=== Provided data ===

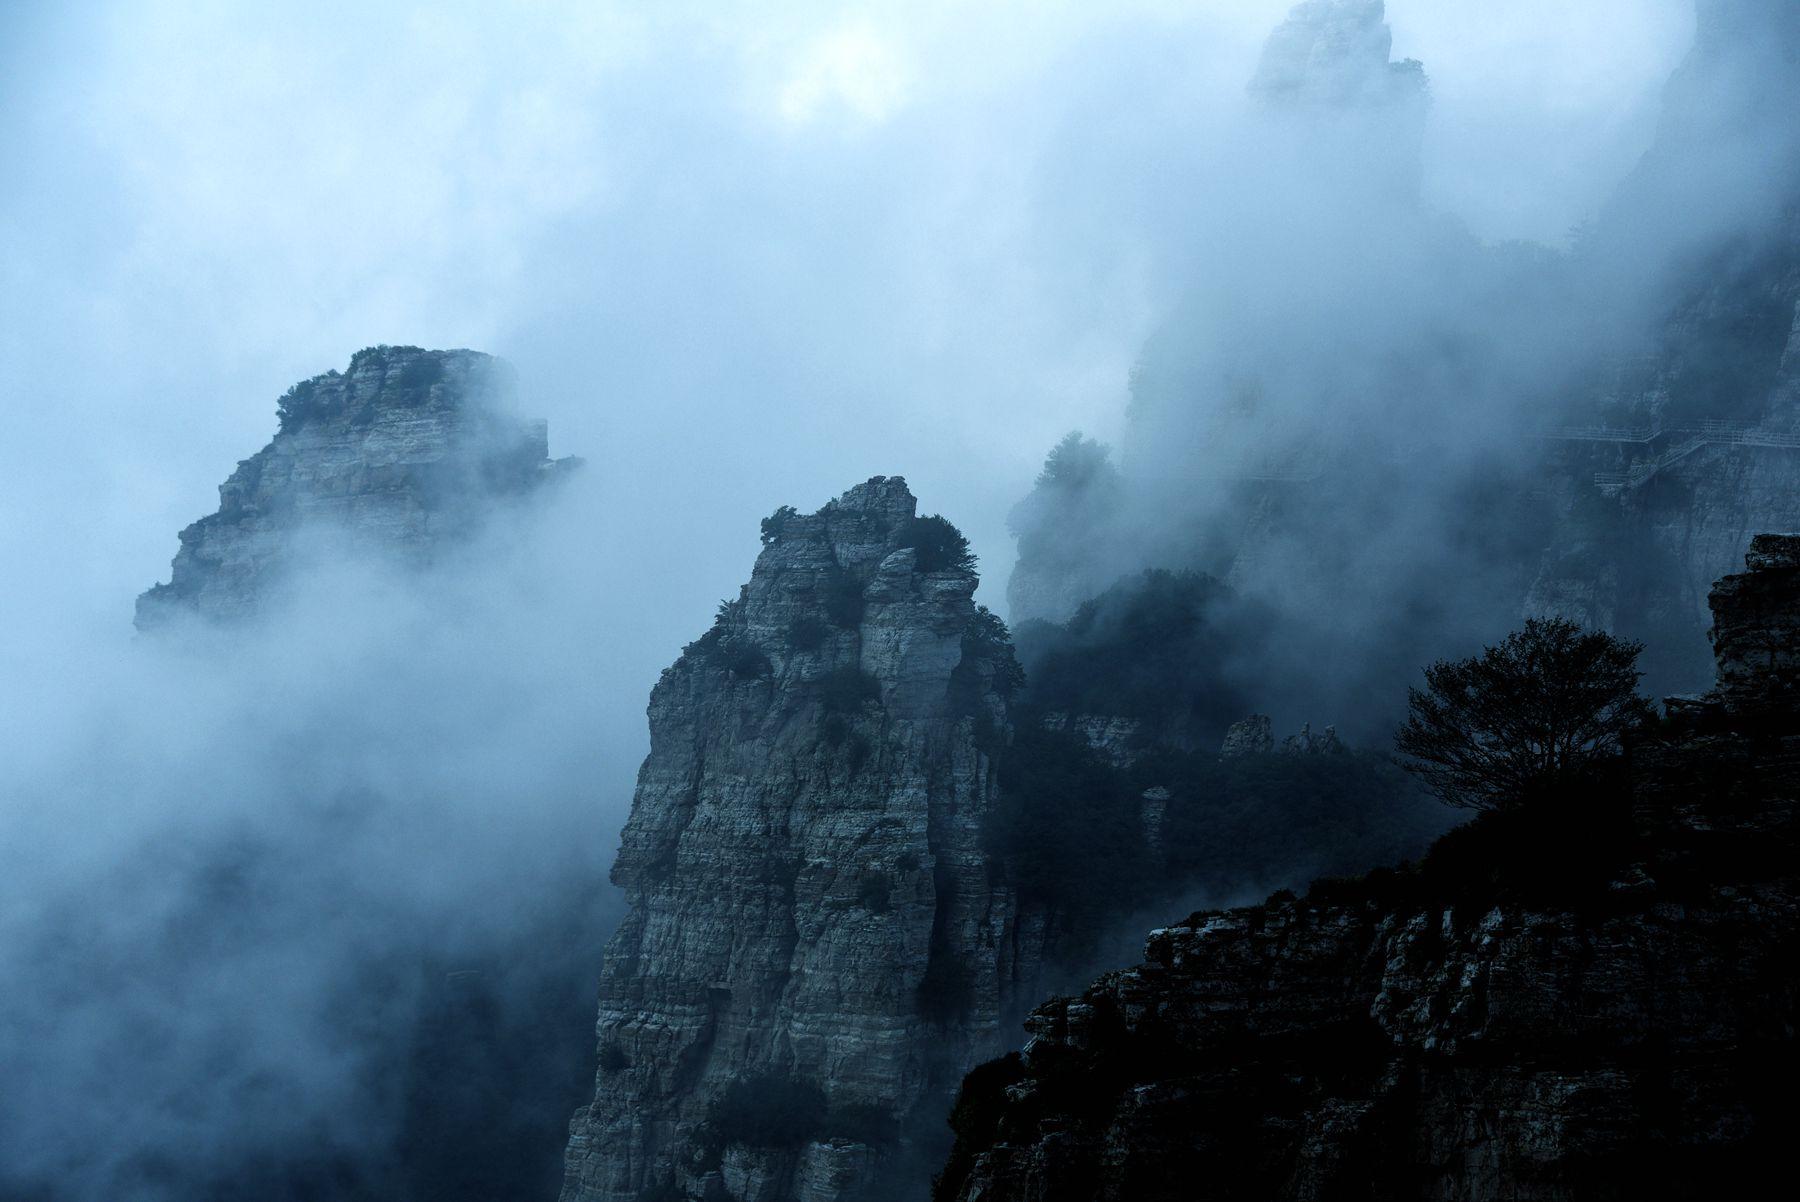 加入京内  扫一扫,用微信登录  x  河北白石山风景如画,云雾缭绕,是个
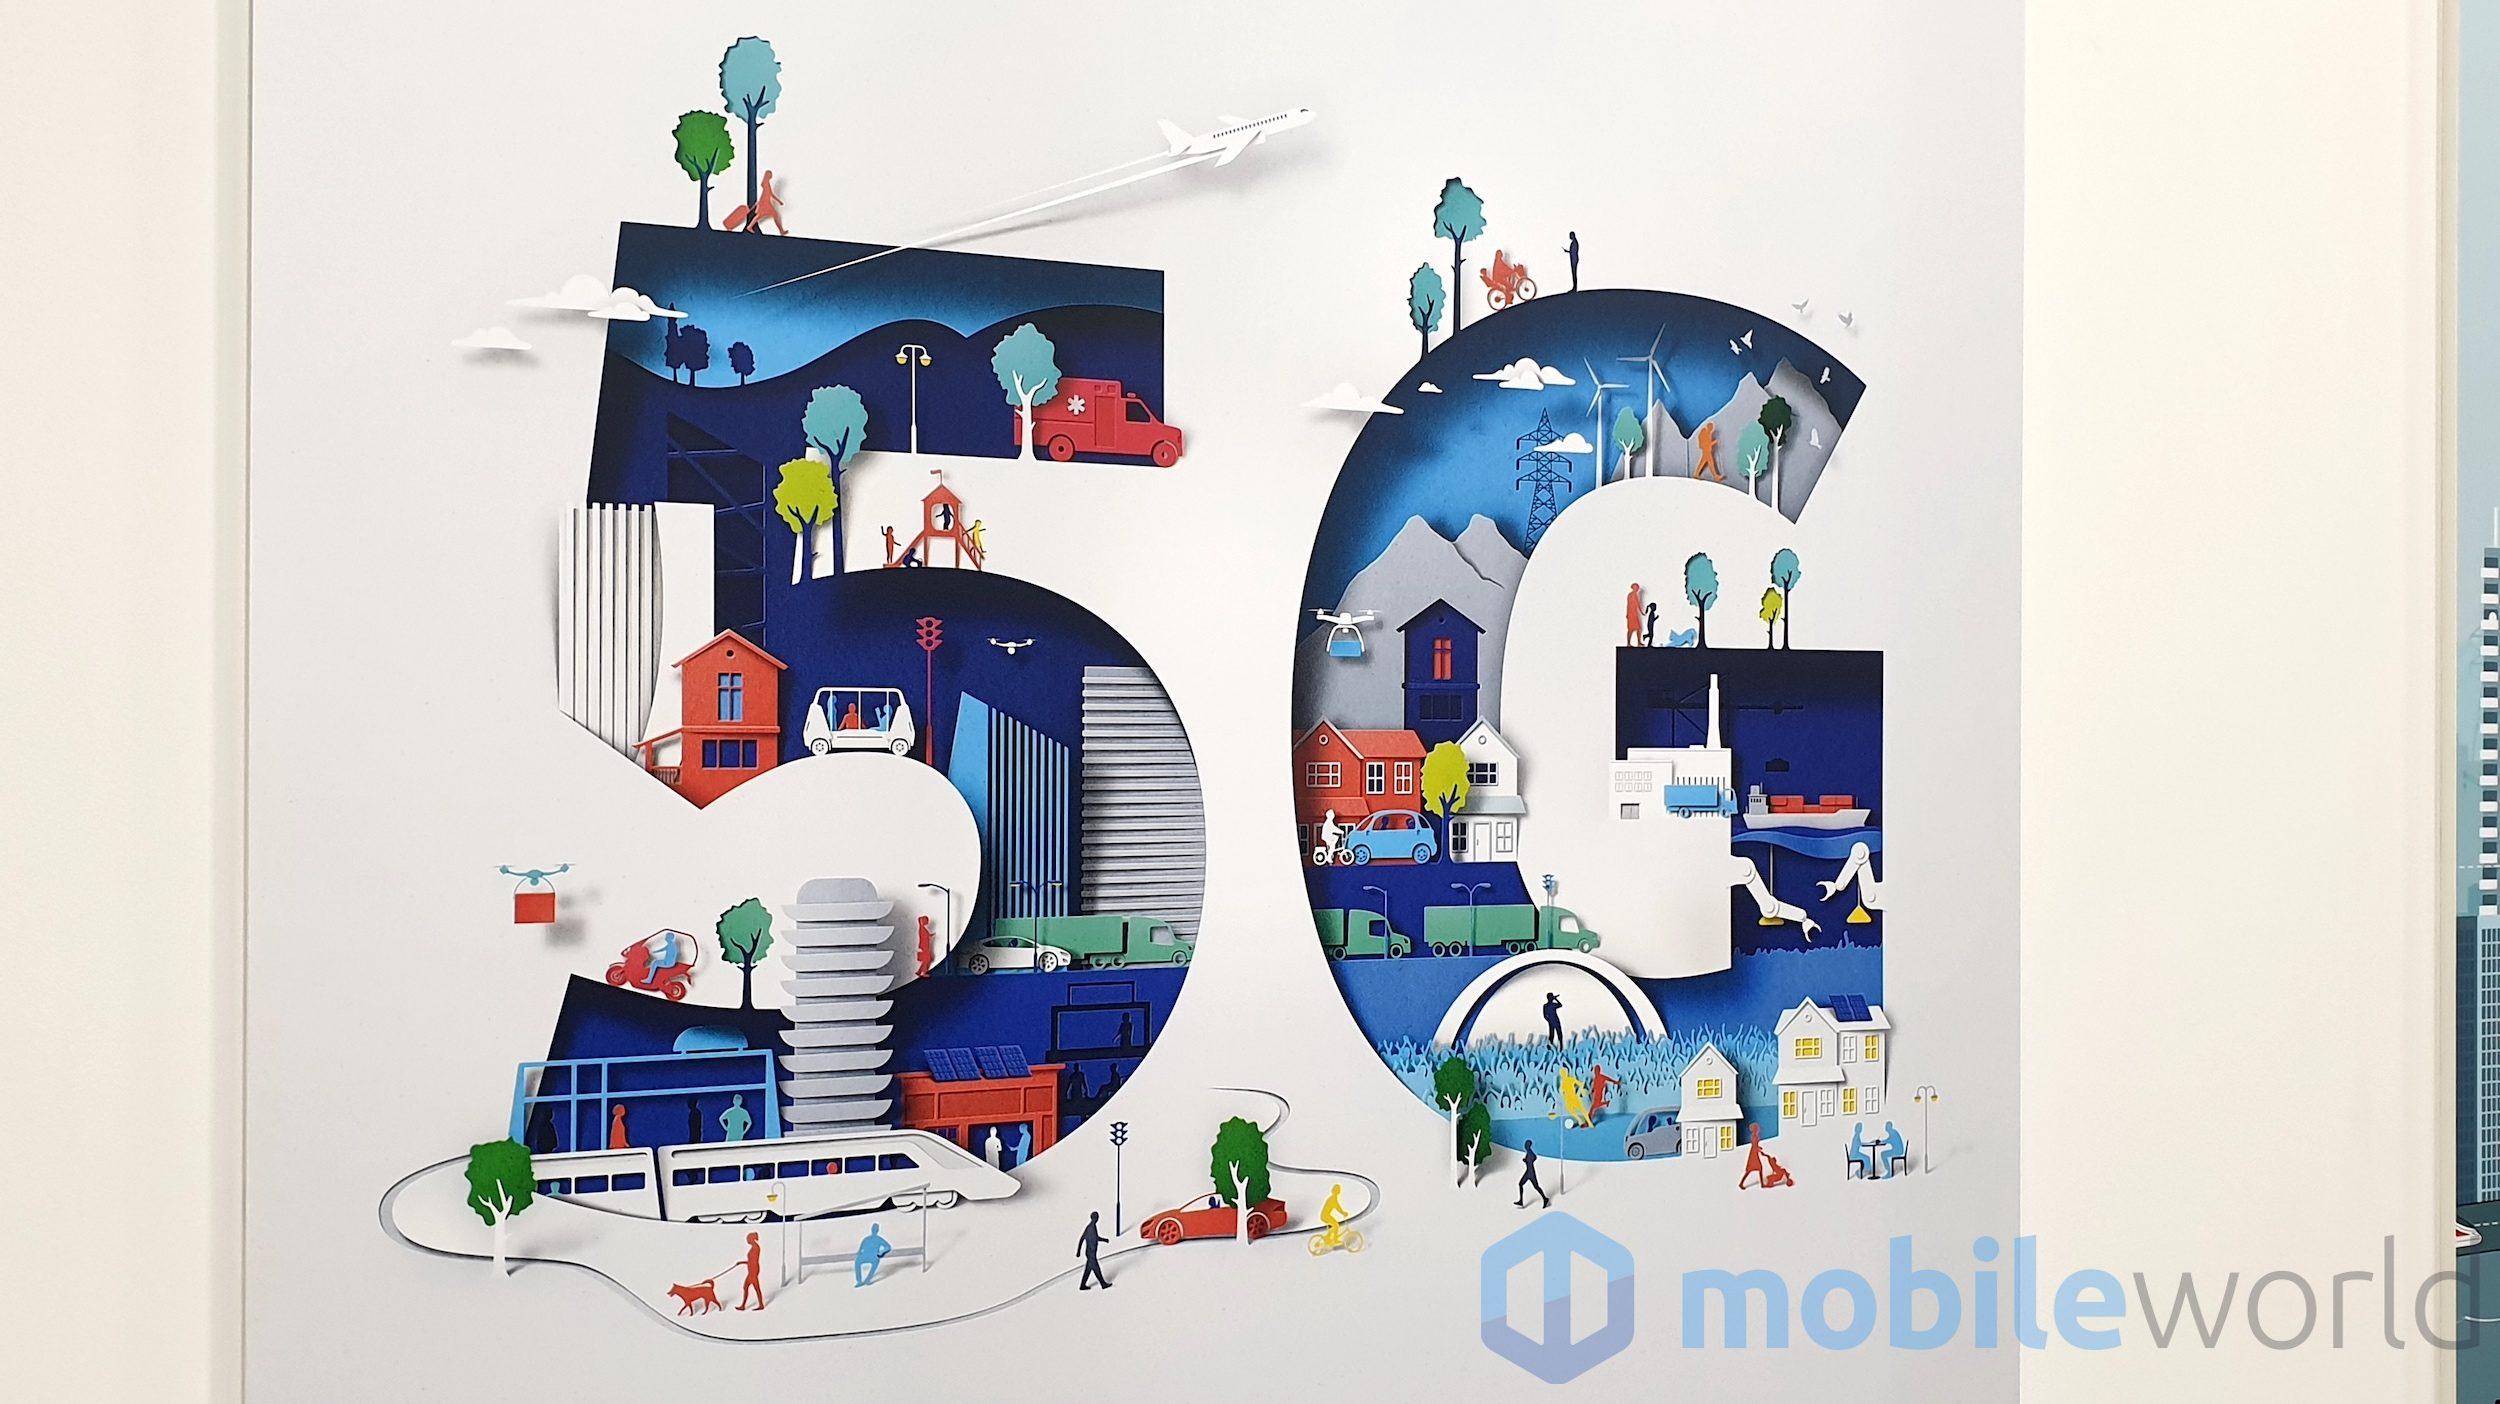 Il 5G ha vinto la battaglia per il futuro della mobilità smart nell'Unione Europea
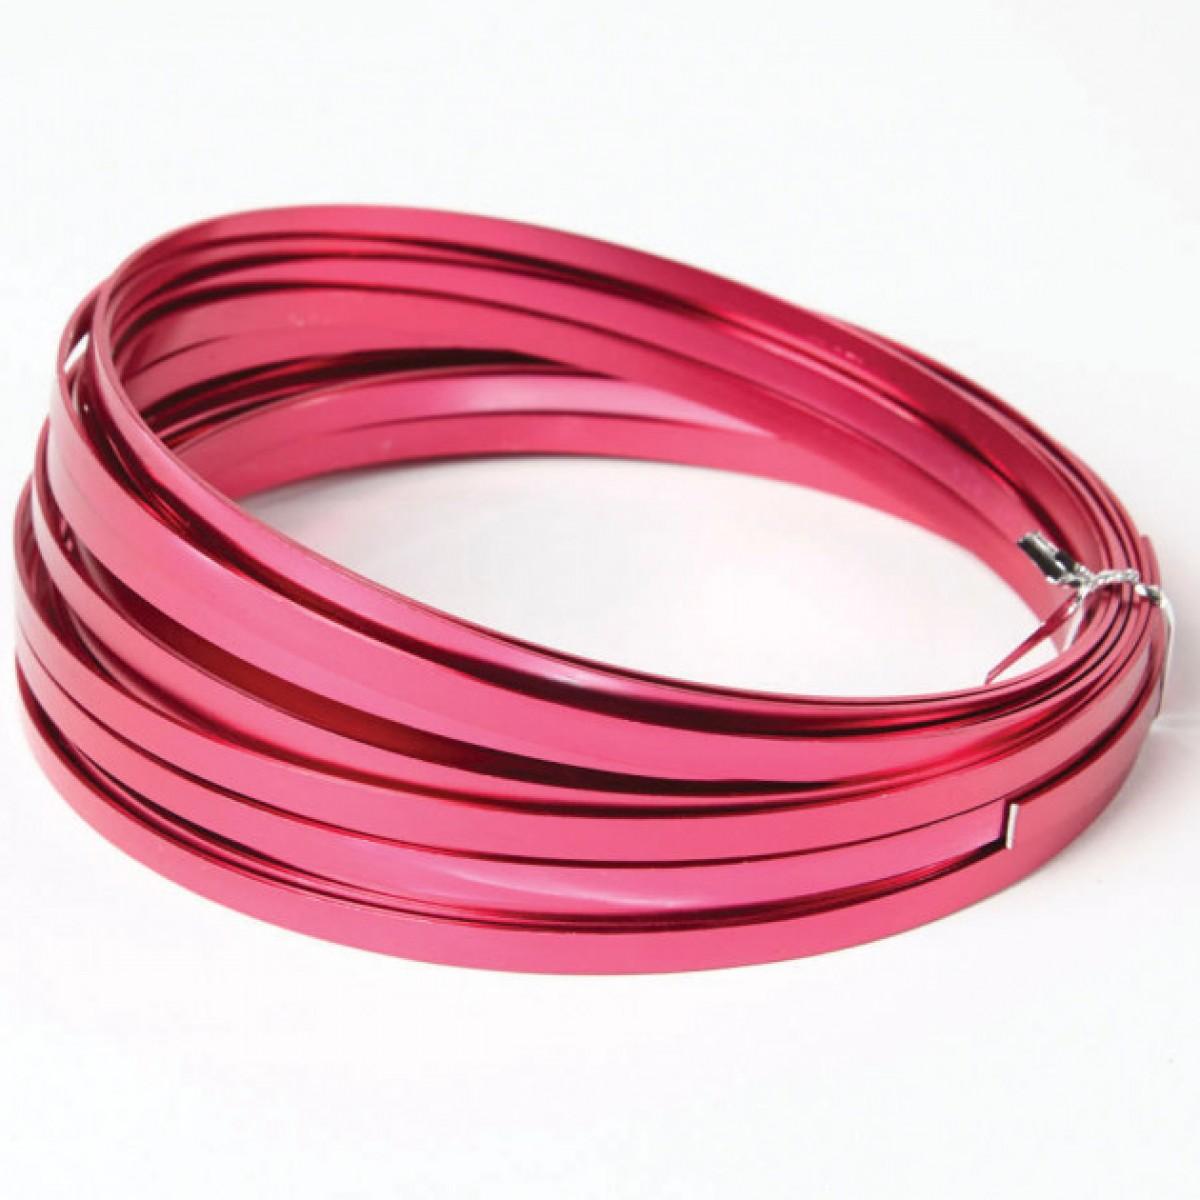 Flat Aluminium Wire Strong Pink 1mmx5mmx100g 1 No

===

• [Prompt]:
Starting with the top line, write out all the data above exactly; keep the pictures out.

• [Solution to this task]:
 加入京内  扫一扫,用微信登录  x  河北白石山风景如画,云雾缭绕,是个
 Il 5G ha vinto la battaglia per il futuro della mobilità smart nell'Unione Europea
 Flat Aluminium Wire Strong Pink 1mmx5mmx100g 1 No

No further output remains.